Bankers’ ERISA Misdeeds Headed to Trial

     SAN FRANCISCO (CN) – Managers of a private bank broke the law by failing to pay employees cash for their shares in an employee stock-ownership plan, a federal judge ruled.
     U.S. Secretary of Labor Thomas Perez sued California Pacific Bank’s CEO Richard Chi and board members Akila Chen, Ken Chen and William Mo in August 2013 for violating the Employee Retirement Income Security Act of 1974, or ERISA.
     Perez said the defendants triggered losses of $1.39 million by mismanaging the plan in four ways: they failed to liquidate shares after the plan was terminated in 2010, diverted a $132,000 plan payment to the bank, transferred nearly $70,000 in plan assets to the bank and held assets in non-interest bearing accounts, causing the plan to lose interest.
     In response, the defendants argued they shouldn’t be held liable for those losses because it was “impossible” to liquidate the plan. The bank managers claimed the FDIC “refused to permit the bank to repurchase stock held by the plan participants” for the “sole reason” of the labor secretary’s ongoing investigation and subsequent lawsuit.
     In a July 20 decision, U.S. District Judge James Donato dismissed that argument, saying the FDIC didn’t refuse to permit stock repurchases until Oct. 13, 2011, months after the bank already made distributions in bank shares rather than cash.
     The judge also chided bank managers for sending a letter to employees in February 2010 “replete with misinformation” that told them they had “no right to request the bank repurchase their stock at all.”
     However, because Chi has now offered to buy back shares from employees, the judge said a specific amount of liability cannot be determined at this time, reserving that decision for trial.
     Donato also found bank managers improperly steered $81,000 of a $132,000 payment for the stock plan into the bank’s assets.
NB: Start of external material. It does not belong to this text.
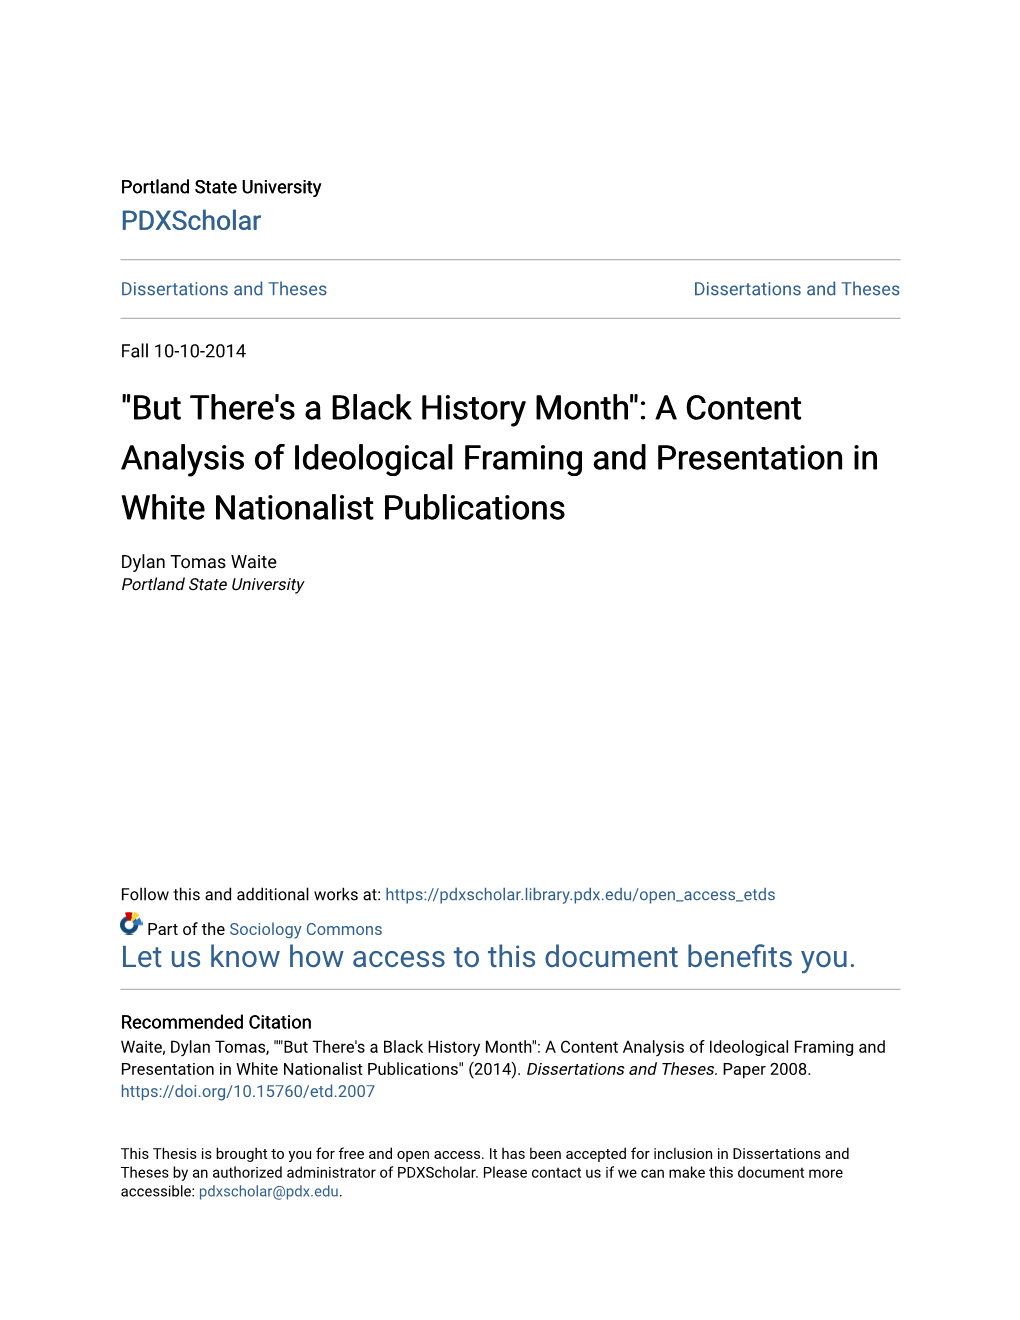 "But There's a Black History Month": a Content Analysis of Ideological Framing and Presentation in White Nationalist Publications

     However, he withheld judgment on two other charges leveled by the labor secretary – that the bank transferred nearly $70,000 in plan assets to the bank and that the defendants held plan assets in non-interest bearing accounts.
     The judge said a bench trial will take place in November or December to determine a remedy for the bank managers’ misdeeds, but he encouraged both parties to explore a mutually agreeable resolution before that time.
     A case management conference was scheduled for Aug. 26, and both parties must file joint status statements by Aug. 19.
     “I think this order marks another step in recovering retirement assets for the employees who worked for the California Pacific Bank and were counting on this benefit plan to help them with retirement,” said Jean Ackerman, regional director for the Labor Department’s employee benefits security administration.
     The bankers’ attorney, Daniel Baxter of Wilke Fleury Hoffelt Gould & Birney of San Francisco, did not immediately return requests for comment.